For various reasons, some of which I'll outline below, I always tip about 20%, and more if I really liked the service. My wife has the same philosophy.
We don't dine out often, and at the end of the month, tips we've paid don't cost us very much (on a $40 tab, the difference between 15% and 20% is two bucks), and - maybe just as a symbolic gesture - a decent tip can help improve someone's bad day (or flip a bad attitude).
The "average" tipped wage in the United States is about $11.82 per hour, or just above the federal poverty level for a household of 3 (say, a widowed mother trying to raise two kids).
Note, that is the *average*, as many states have a tipped minimum wage as low as $2.13, and the employer is only required to make up the difference to $7.25 (the laughable Federal minimum wage, which is definitely below the FPL for anyone except a single person). I had a buddy living in Tacoma for a while. He had full-time minimum wage work, paid $300/month for a one-room apartment, and the mother next door was struggling to raise her two kids - on minimum wage - after the father died in an accident. (Subsistence living is devastating and bad economic policy.)

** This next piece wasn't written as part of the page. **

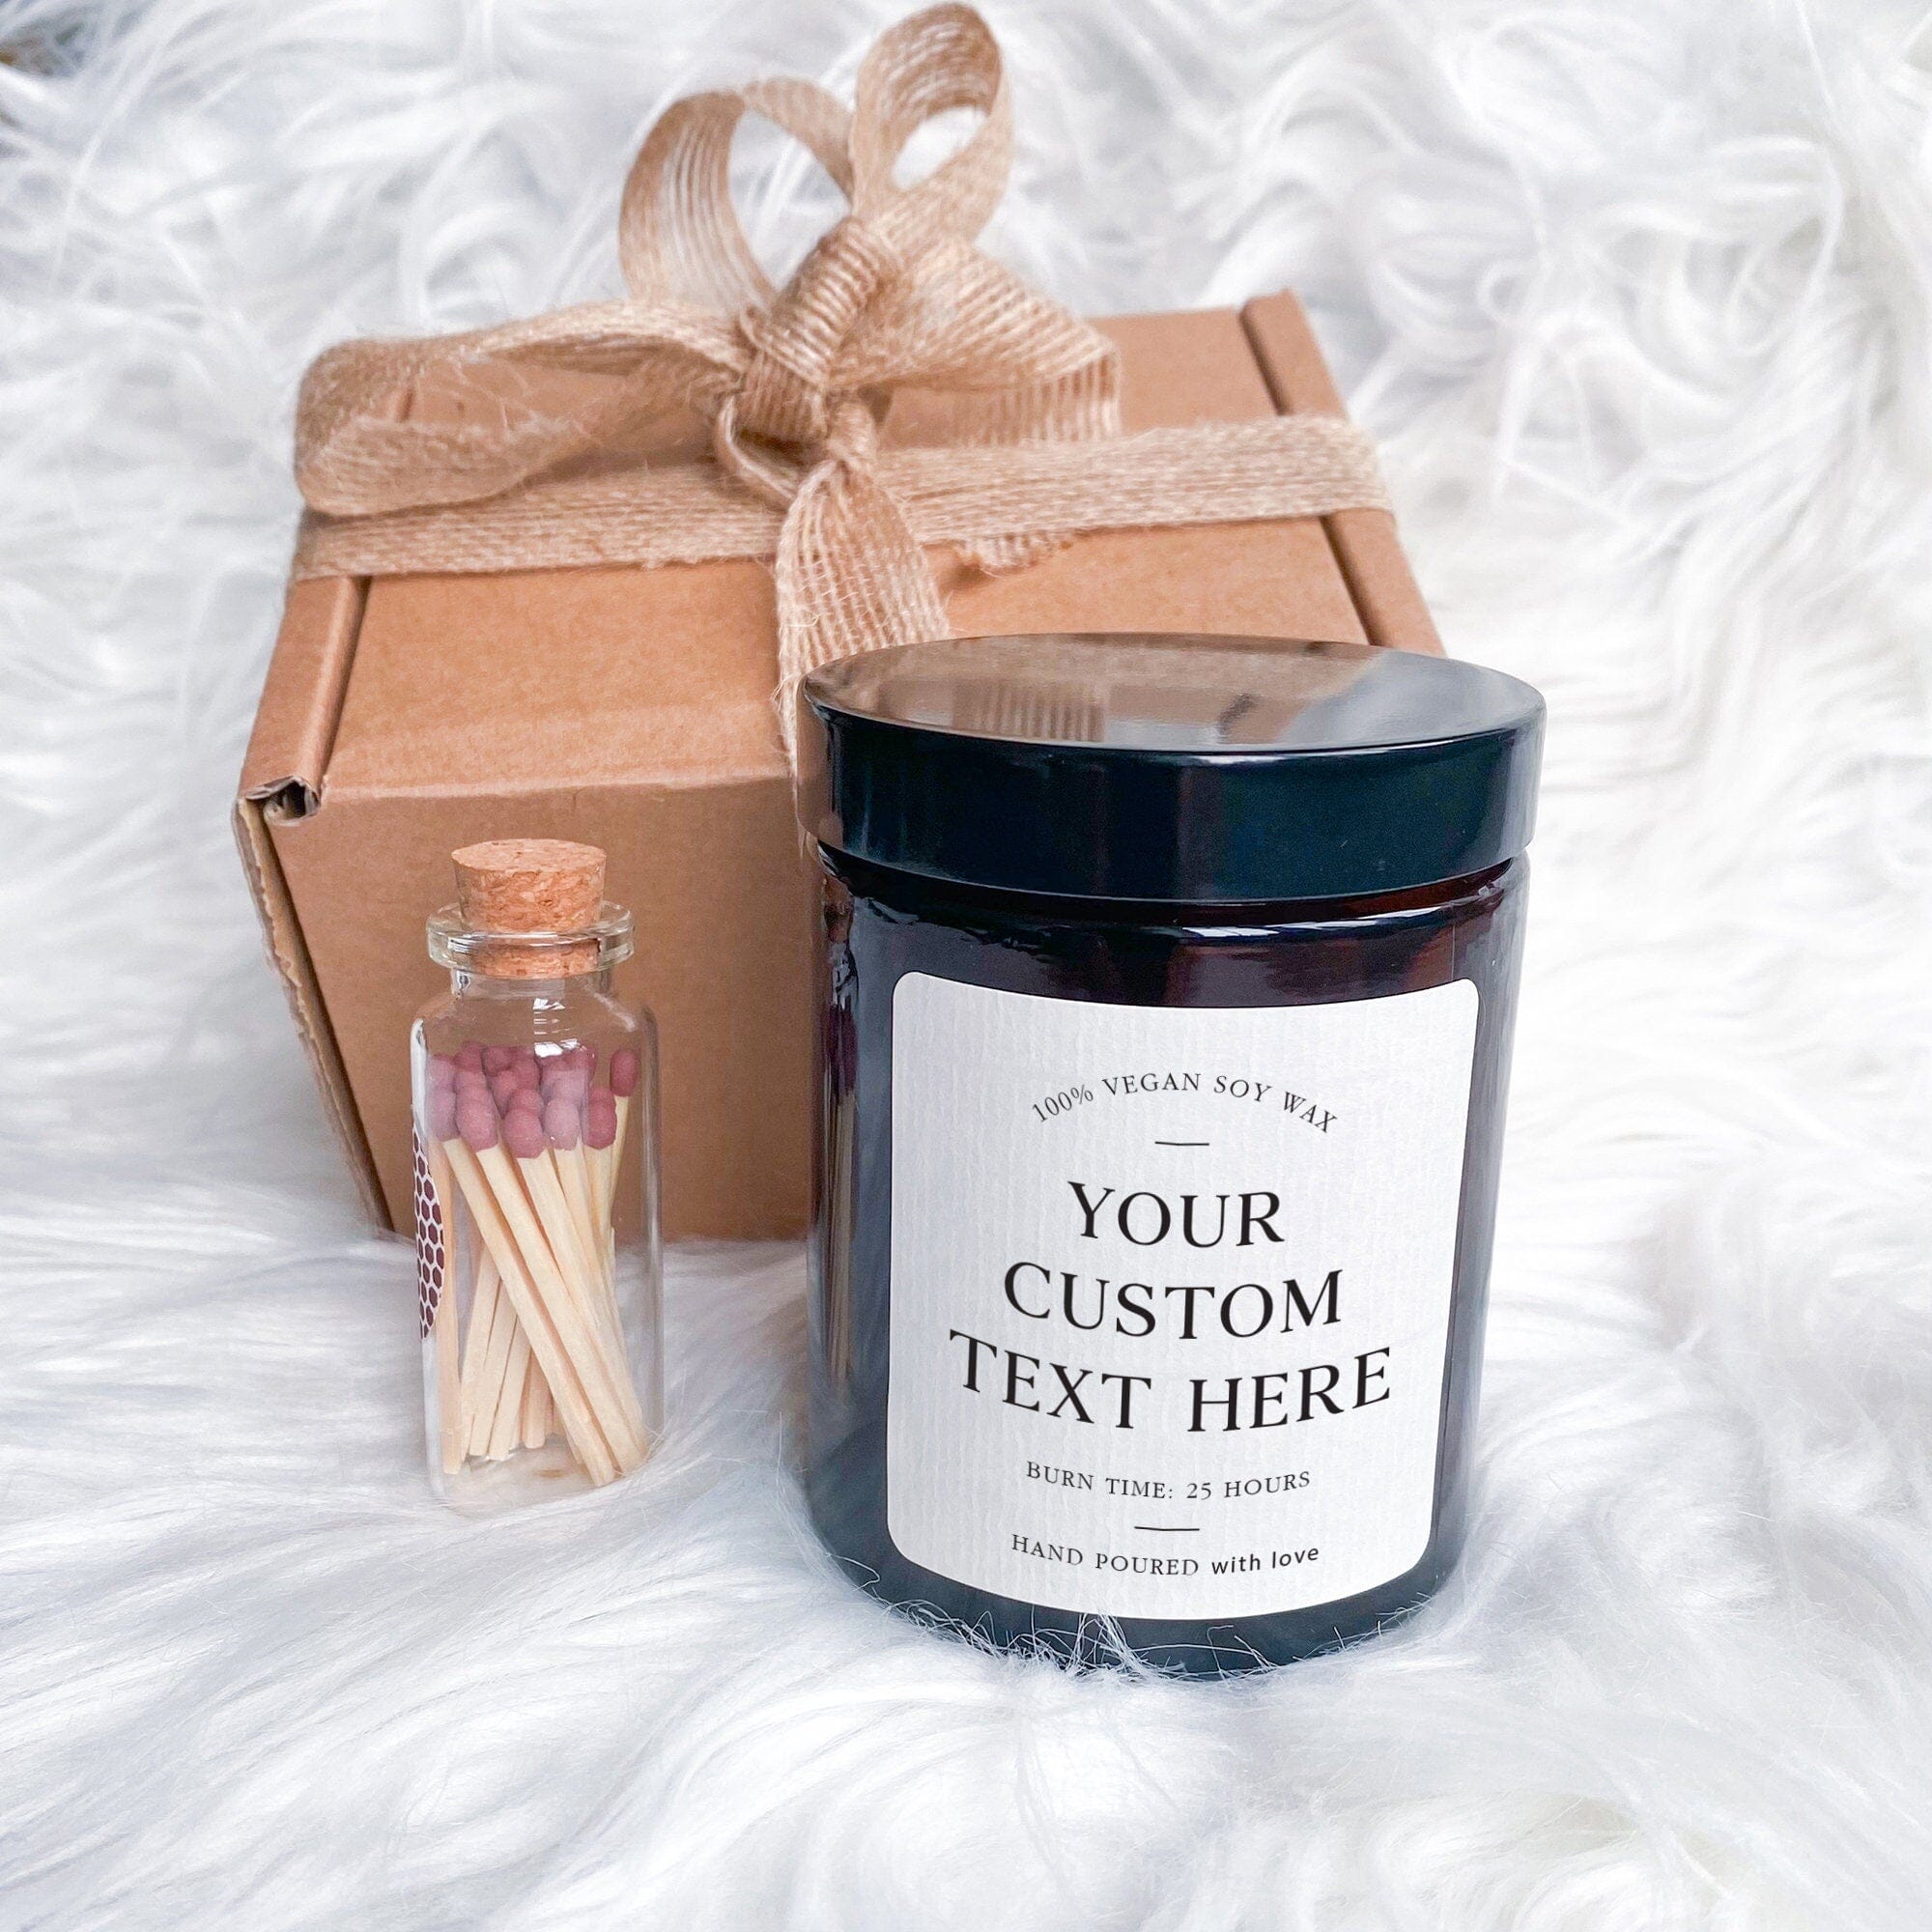 Custom text soy wax vegan candle, Your own text, Christmas gift for friend mum dad grandma colleague employee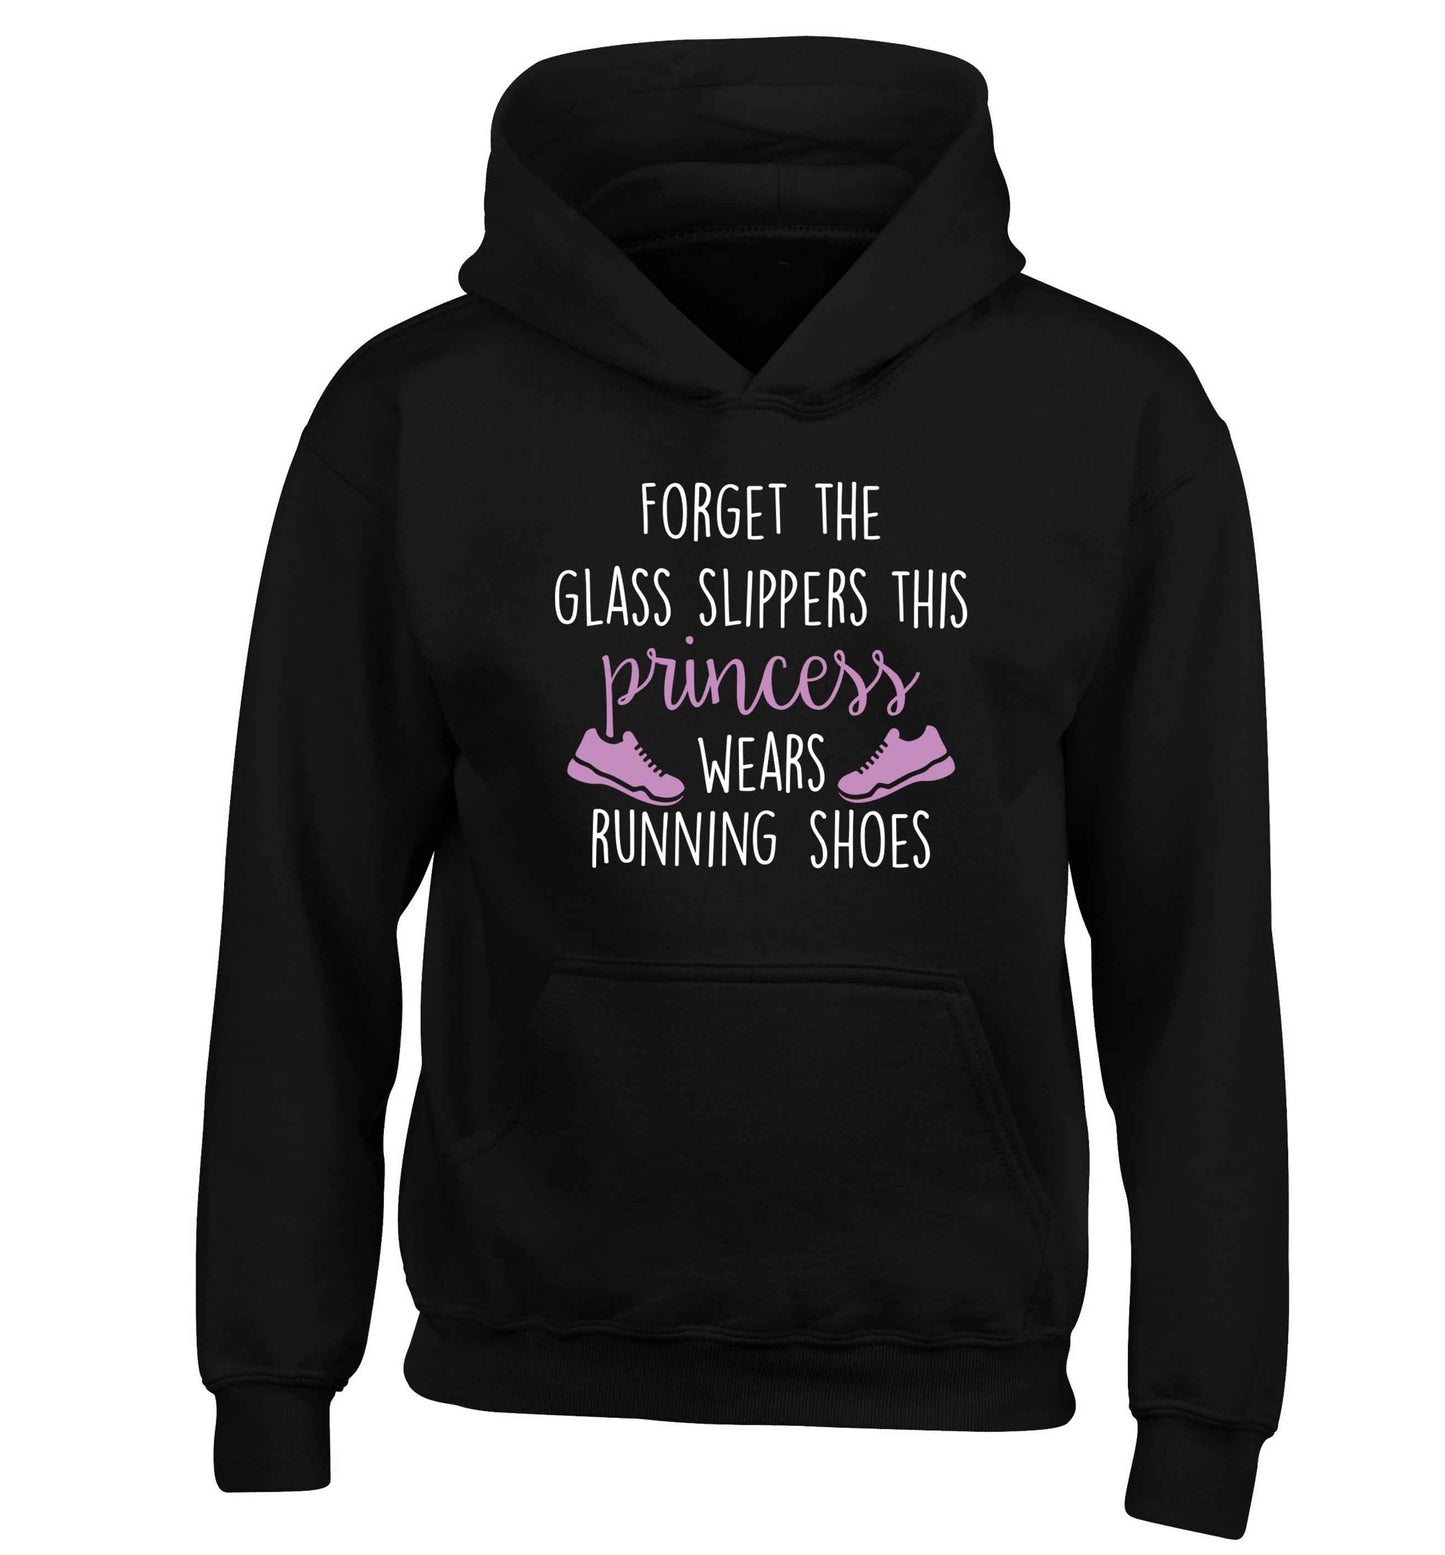 Forget the glass slippers this princess wears running shoes children's black hoodie 12-13 Years

Few restaurants provide benefits to employees, such as health insurance. Instead, they may take tax credits for helping employees scrounge health insurance from outside sources. Thus, whatever they manage to earn can still get sucked away by things that many people consider "basic requirements of life."
I was unemployed for part of last year, and we had to buy insurance through the ACA - we got a plan that was pretty much gambling we would never be in a car accident - for about $300/month (family of 3). At $11.82/hour, that's 15% of gross income (and if we had lived in a one-bedroom apartment, at $300/month, that's another 15% off the top).
My family has been very blessed in life. I tip well, because it doesn't cost us much, I believe in "paying it forward," and the small gesture really can have a big impact.